[Your task] After locating the line with "Now Is The Time" in the data that follows, return it and every later line exactly, up to and including the line with "Flash Furniture Nantucket".

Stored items
▬▬▬▬▬▬

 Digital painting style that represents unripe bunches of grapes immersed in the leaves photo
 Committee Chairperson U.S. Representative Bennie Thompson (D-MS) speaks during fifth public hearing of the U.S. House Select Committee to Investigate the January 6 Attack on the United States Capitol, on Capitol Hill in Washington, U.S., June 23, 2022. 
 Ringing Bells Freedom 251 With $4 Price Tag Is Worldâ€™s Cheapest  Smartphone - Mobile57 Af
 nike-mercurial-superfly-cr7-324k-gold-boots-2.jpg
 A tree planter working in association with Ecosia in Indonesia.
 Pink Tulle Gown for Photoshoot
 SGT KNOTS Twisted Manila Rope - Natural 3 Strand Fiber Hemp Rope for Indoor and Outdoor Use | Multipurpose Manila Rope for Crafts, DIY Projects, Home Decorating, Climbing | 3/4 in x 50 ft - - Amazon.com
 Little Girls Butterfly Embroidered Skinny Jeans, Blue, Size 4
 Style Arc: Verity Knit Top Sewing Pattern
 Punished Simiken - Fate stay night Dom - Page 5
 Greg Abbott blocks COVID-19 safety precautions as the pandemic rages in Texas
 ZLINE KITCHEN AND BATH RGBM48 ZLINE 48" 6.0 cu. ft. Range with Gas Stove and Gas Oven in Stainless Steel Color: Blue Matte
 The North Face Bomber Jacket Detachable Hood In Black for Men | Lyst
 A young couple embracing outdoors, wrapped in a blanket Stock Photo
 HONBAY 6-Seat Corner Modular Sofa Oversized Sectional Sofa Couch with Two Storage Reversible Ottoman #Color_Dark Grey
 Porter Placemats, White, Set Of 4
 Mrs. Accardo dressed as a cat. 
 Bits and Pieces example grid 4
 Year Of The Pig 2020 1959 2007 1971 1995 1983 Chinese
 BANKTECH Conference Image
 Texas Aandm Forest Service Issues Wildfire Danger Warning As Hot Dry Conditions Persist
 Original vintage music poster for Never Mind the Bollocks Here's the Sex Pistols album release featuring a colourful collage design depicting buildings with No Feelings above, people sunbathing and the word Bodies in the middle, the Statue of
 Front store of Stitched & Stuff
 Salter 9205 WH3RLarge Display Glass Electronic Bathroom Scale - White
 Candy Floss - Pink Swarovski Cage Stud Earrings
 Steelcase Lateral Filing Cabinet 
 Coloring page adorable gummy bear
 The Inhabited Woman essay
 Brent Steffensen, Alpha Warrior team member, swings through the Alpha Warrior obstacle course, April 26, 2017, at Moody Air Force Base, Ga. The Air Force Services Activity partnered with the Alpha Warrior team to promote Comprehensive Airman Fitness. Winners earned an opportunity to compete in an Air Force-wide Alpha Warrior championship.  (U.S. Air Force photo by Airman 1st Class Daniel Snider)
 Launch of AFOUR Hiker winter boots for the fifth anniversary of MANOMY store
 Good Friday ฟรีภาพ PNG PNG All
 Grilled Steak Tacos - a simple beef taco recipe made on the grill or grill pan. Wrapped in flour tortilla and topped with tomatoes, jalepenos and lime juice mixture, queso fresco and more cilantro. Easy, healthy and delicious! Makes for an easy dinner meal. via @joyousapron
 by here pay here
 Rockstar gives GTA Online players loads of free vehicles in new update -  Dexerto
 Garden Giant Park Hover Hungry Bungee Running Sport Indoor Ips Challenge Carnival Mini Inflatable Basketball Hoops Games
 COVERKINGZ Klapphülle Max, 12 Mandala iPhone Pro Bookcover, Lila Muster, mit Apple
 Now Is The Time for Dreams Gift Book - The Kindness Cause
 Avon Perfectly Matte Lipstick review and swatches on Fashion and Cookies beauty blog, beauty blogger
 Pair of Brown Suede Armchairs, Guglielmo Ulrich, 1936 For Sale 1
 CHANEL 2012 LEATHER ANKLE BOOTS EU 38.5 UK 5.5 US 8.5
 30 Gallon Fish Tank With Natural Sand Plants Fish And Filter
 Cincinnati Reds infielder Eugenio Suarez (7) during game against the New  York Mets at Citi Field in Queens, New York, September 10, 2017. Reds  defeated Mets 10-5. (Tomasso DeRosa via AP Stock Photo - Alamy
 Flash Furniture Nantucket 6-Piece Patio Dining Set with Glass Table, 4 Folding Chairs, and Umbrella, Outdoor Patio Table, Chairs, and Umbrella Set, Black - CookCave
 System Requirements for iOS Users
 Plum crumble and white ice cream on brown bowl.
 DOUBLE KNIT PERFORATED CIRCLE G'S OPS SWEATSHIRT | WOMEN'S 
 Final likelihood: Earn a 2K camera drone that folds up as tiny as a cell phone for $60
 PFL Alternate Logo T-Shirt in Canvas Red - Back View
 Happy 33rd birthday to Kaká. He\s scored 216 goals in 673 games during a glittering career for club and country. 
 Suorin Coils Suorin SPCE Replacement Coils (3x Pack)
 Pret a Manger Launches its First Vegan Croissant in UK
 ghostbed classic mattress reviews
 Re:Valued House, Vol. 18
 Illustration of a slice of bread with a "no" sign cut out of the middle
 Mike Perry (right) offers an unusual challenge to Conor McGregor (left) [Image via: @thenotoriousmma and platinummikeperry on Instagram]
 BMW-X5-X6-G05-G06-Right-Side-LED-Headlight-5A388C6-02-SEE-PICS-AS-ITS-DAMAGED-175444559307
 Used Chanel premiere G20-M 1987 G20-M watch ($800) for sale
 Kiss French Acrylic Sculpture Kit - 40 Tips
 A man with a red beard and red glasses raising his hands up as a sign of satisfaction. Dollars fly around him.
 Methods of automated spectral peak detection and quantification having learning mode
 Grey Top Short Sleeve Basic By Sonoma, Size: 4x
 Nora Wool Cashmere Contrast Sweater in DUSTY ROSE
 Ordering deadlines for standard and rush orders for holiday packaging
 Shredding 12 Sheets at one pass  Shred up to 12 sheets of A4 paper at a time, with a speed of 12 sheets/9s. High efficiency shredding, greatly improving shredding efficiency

▬▬▬▬▬▬

[Answer to the problem]
 Now Is The Time for Dreams Gift Book - The Kindness Cause
 Avon Perfectly Matte Lipstick review and swatches on Fashion and Cookies beauty blog, beauty blogger
 Pair of Brown Suede Armchairs, Guglielmo Ulrich, 1936 For Sale 1
 CHANEL 2012 LEATHER ANKLE BOOTS EU 38.5 UK 5.5 US 8.5
 30 Gallon Fish Tank With Natural Sand Plants Fish And Filter
 Cincinnati Reds infielder Eugenio Suarez (7) during game against the New  York Mets at Citi Field in Queens, New York, September 10, 2017. Reds  defeated Mets 10-5. (Tomasso DeRosa via AP Stock Photo - Alamy
 Flash Furniture Nantucket 6-Piece Patio Dining Set with Glass Table, 4 Folding Chairs, and Umbrella, Outdoor Patio Table, Chairs, and Umbrella Set, Black - CookCave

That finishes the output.